Problem to work on —
Print the complete set of entries exactly.

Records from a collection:
____
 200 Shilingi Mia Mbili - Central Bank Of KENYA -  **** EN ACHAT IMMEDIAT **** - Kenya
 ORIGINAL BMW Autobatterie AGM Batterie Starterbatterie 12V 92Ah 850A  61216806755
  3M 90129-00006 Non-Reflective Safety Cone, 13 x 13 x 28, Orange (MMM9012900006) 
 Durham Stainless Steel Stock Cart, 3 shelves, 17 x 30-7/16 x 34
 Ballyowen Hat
____
Solved problem —
 200 Shilingi Mia Mbili - Central Bank Of KENYA -  **** EN ACHAT IMMEDIAT **** - Kenya
 ORIGINAL BMW Autobatterie AGM Batterie Starterbatterie 12V 92Ah 850A  61216806755
  3M 90129-00006 Non-Reflective Safety Cone, 13 x 13 x 28, Orange (MMM9012900006) 
 Durham Stainless Steel Stock Cart, 3 shelves, 17 x 30-7/16 x 34
 Ballyowen Hat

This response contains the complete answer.